Today I’m on a plane again, this time heading to lands left long ago by those whose heirs I’ve become. It isn’t a homecoming, surely not, but it’s not another place on a list of places, either. This breezy little tome I’ve written, Die Wise, was graced with a noble introduction by a denizen of England and of times gone by, name of Martin Shaw, with whom I was briefly reunited a week ago for a riotous night of elegy and lament worthy of the ages. (Keep a weather eye for a film record of that boisterous event, crafted by Ian McKenzie, that might see light later this winter.) In the spangled generosity of his Forward Mr. Shaw took me for a citizen of the Other World. And this was to my knowledge the first time I was recognized, the first time this drizzle of sorrow and love for life that is my claim for Orphan Wisdom was seen and called by name. This stirred my gratitude. I have gratitude for him personally and specifically, surely, but I’ve another gratitude that arrived in this slurry of anticipation and pause, one that rises in the departure lounge as I make my way back across the Atlantic, tracing the furrows ploughed centuries before when We Who Left, who could not afford to stay, parted ways so deeply with You Who Stayed, to become the great European fantasy of America. And Mr. Shaw wrote of we who left: “To us, when you left you became spirits. How does dying wise function when to we who stayed you are already dead?” This is surely the arche of sorrow and longing and the uprooting of the world in search of home that America has become. It is to this wonder that I am returning.

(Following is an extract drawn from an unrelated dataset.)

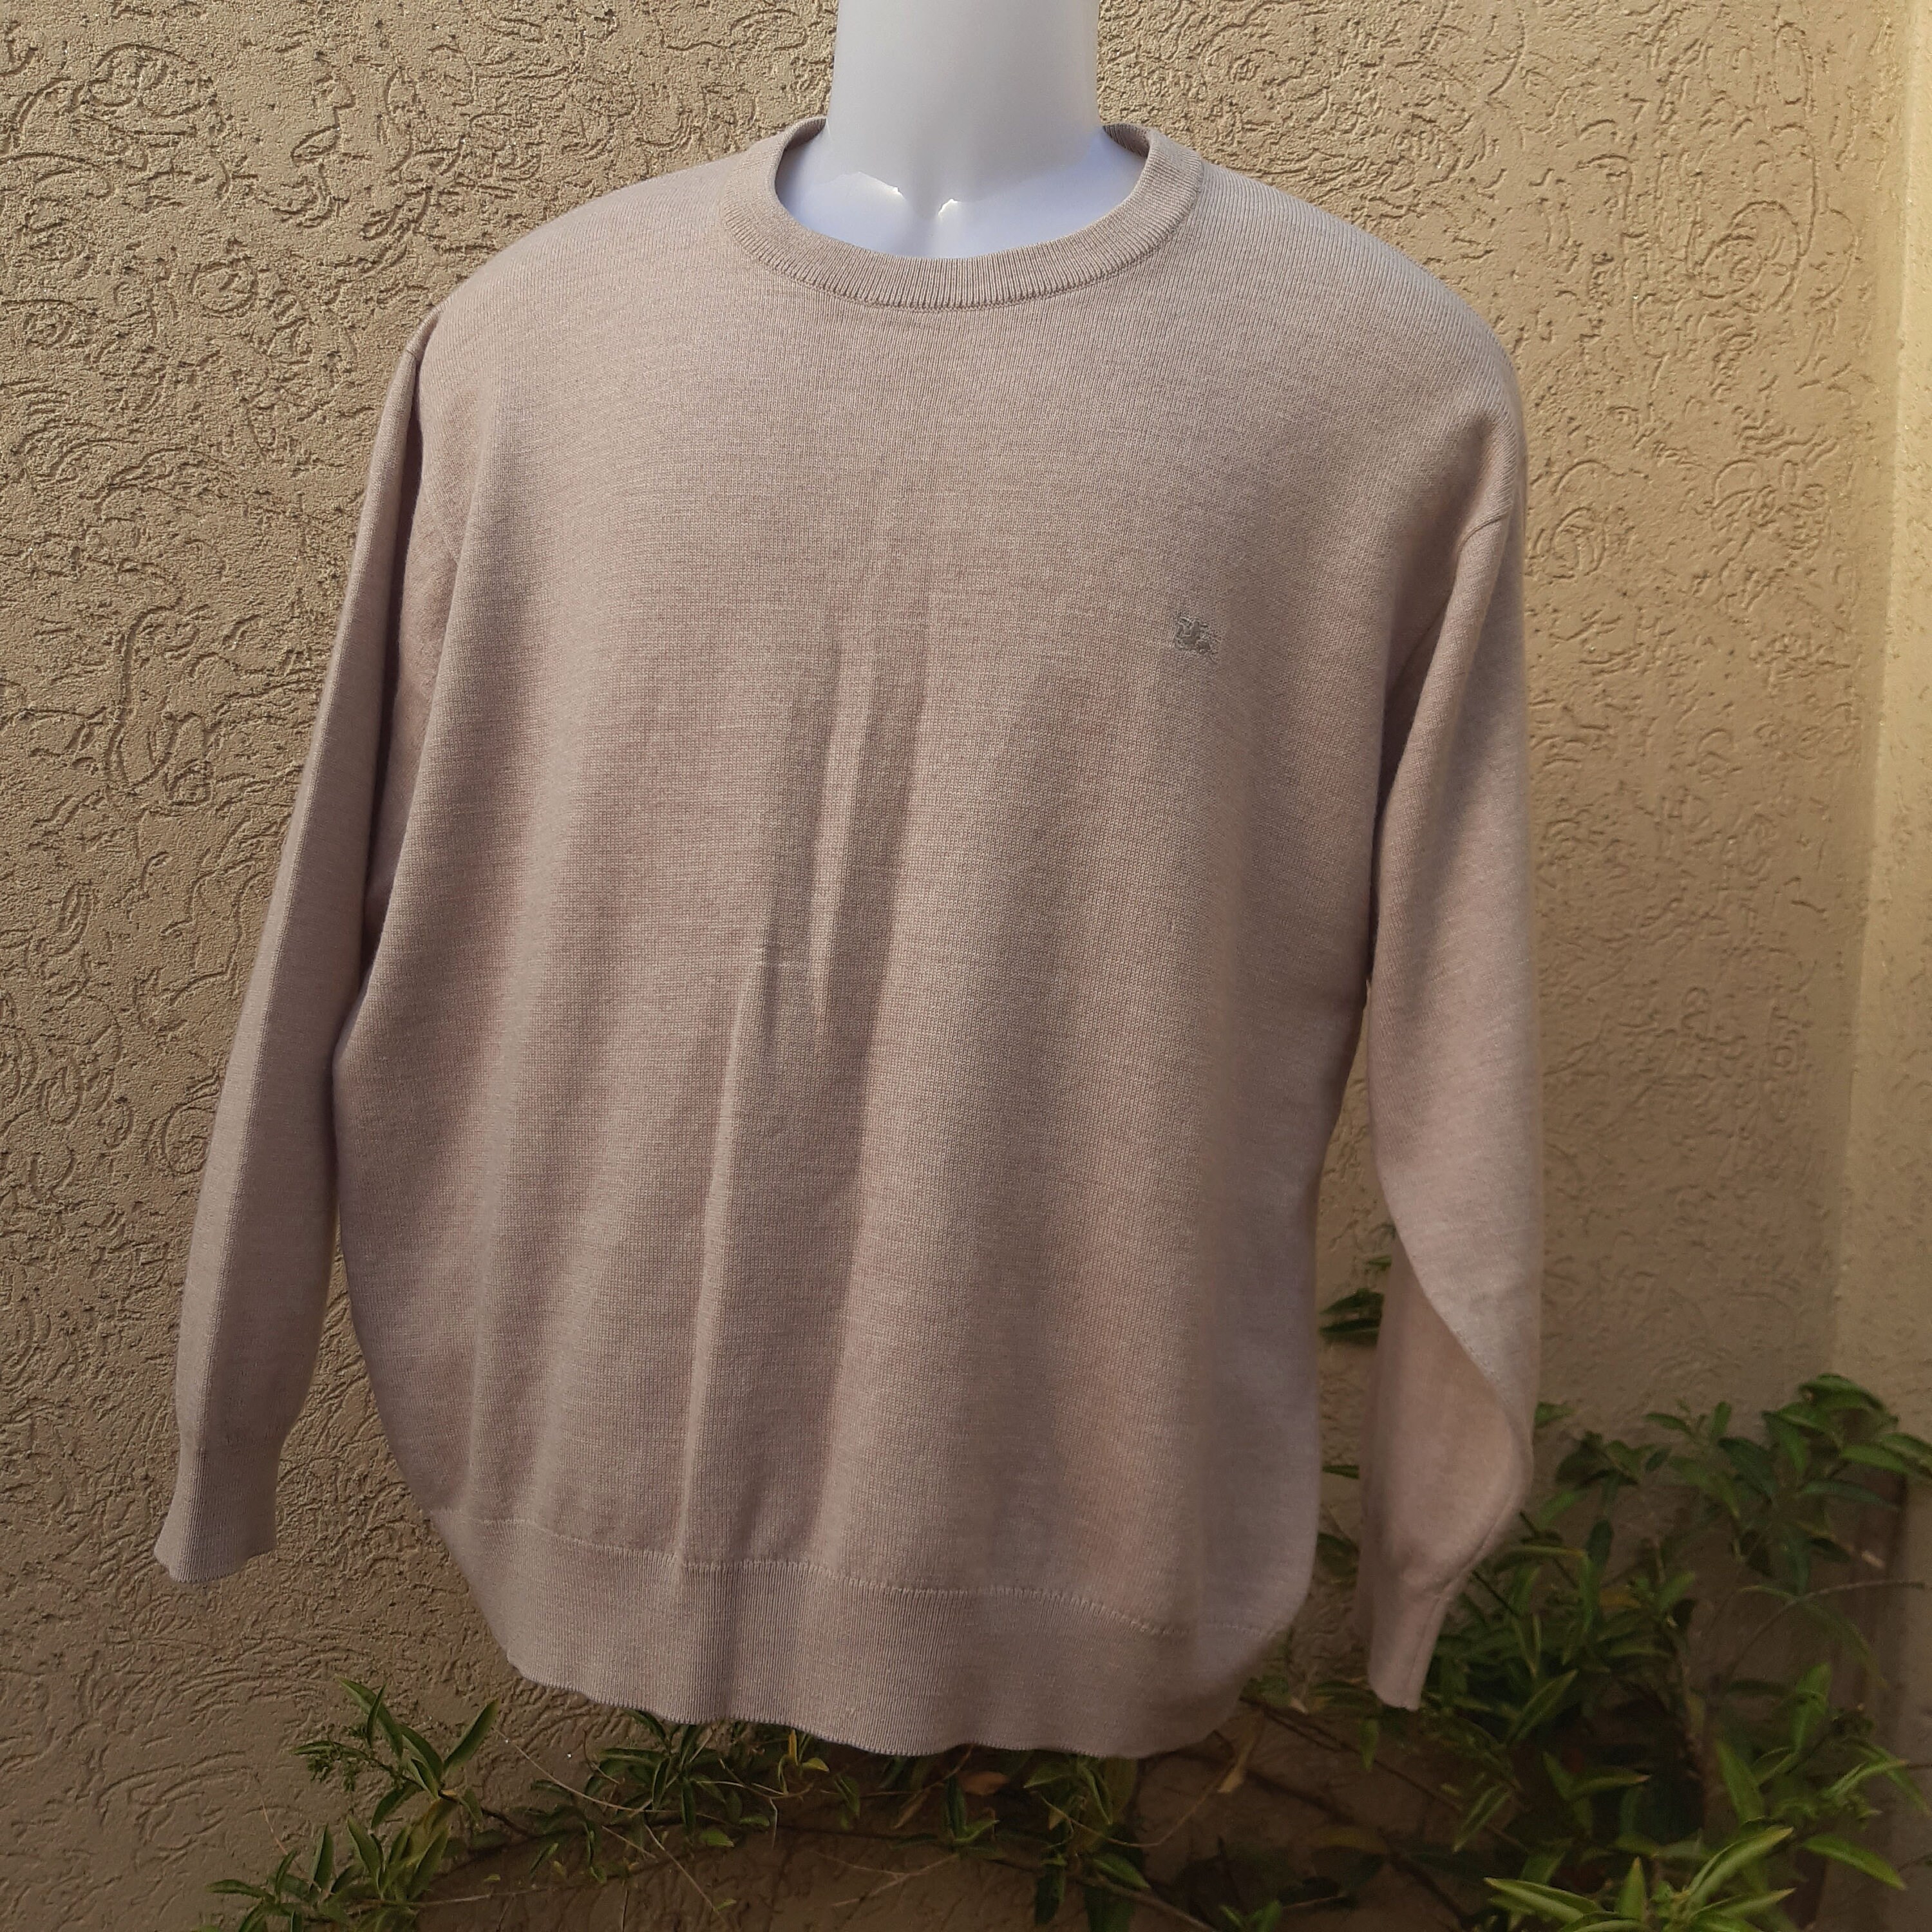 Fashion Saters Crewneck Saters WE Crewneck Sweater brown-cream flecked casual look 
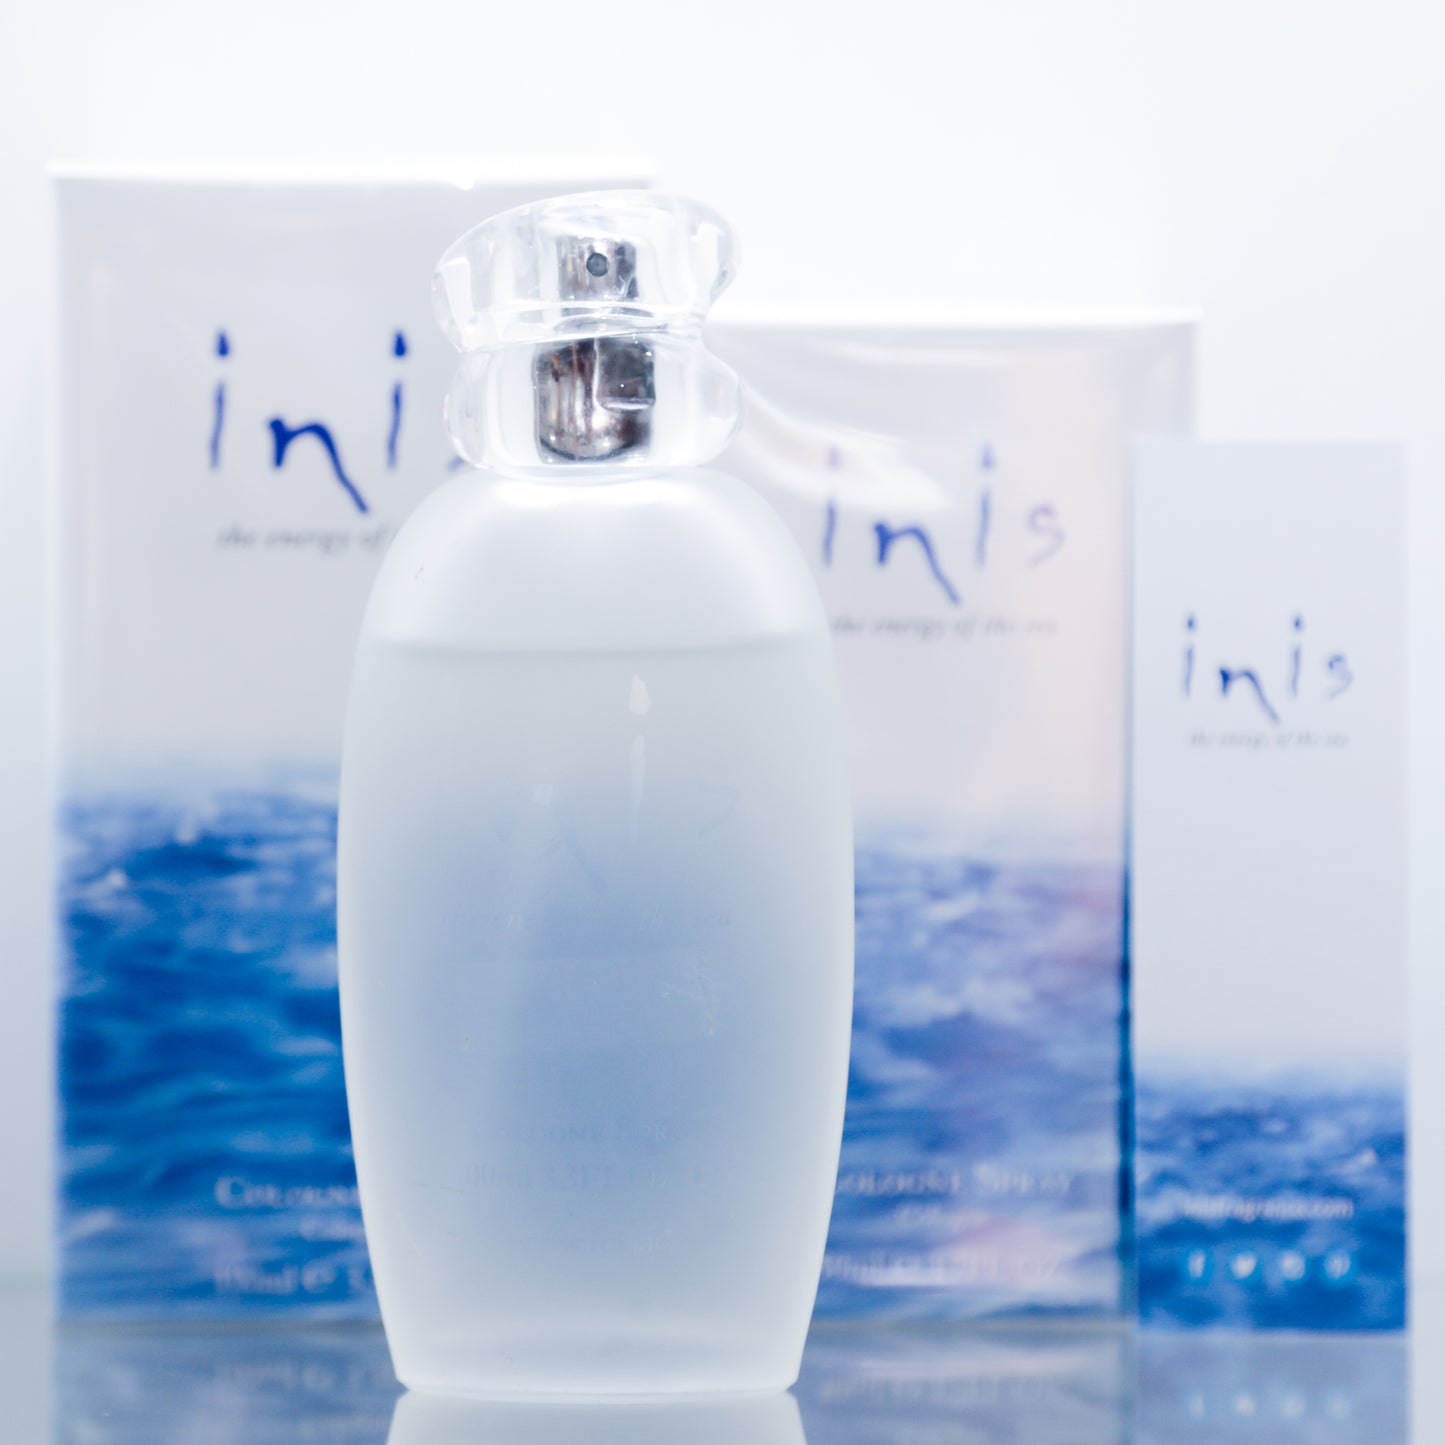 Inis Unisex Cologne

So this is the whisper inside these evenings that I propose, the murmur inside the orphan wisdom for a troubled and troubling time that I bear: that the time may be dawning now, as we glimpse the myriad endings of the order that was so strangely born, for the old ancestries to be met and claimed, that we begin finally to occupy that seat reserved for us at the groaning board in the mead hall of life by our precursors, by the Old Ones of those who may gather with me and with each other these November nights for grief, for mystery and for the sake of an orphan wisdom for these strange and stranger days that may be striving to be born. Would that we wrangle from it all a memory worthy of this story of our scattering and our coming round.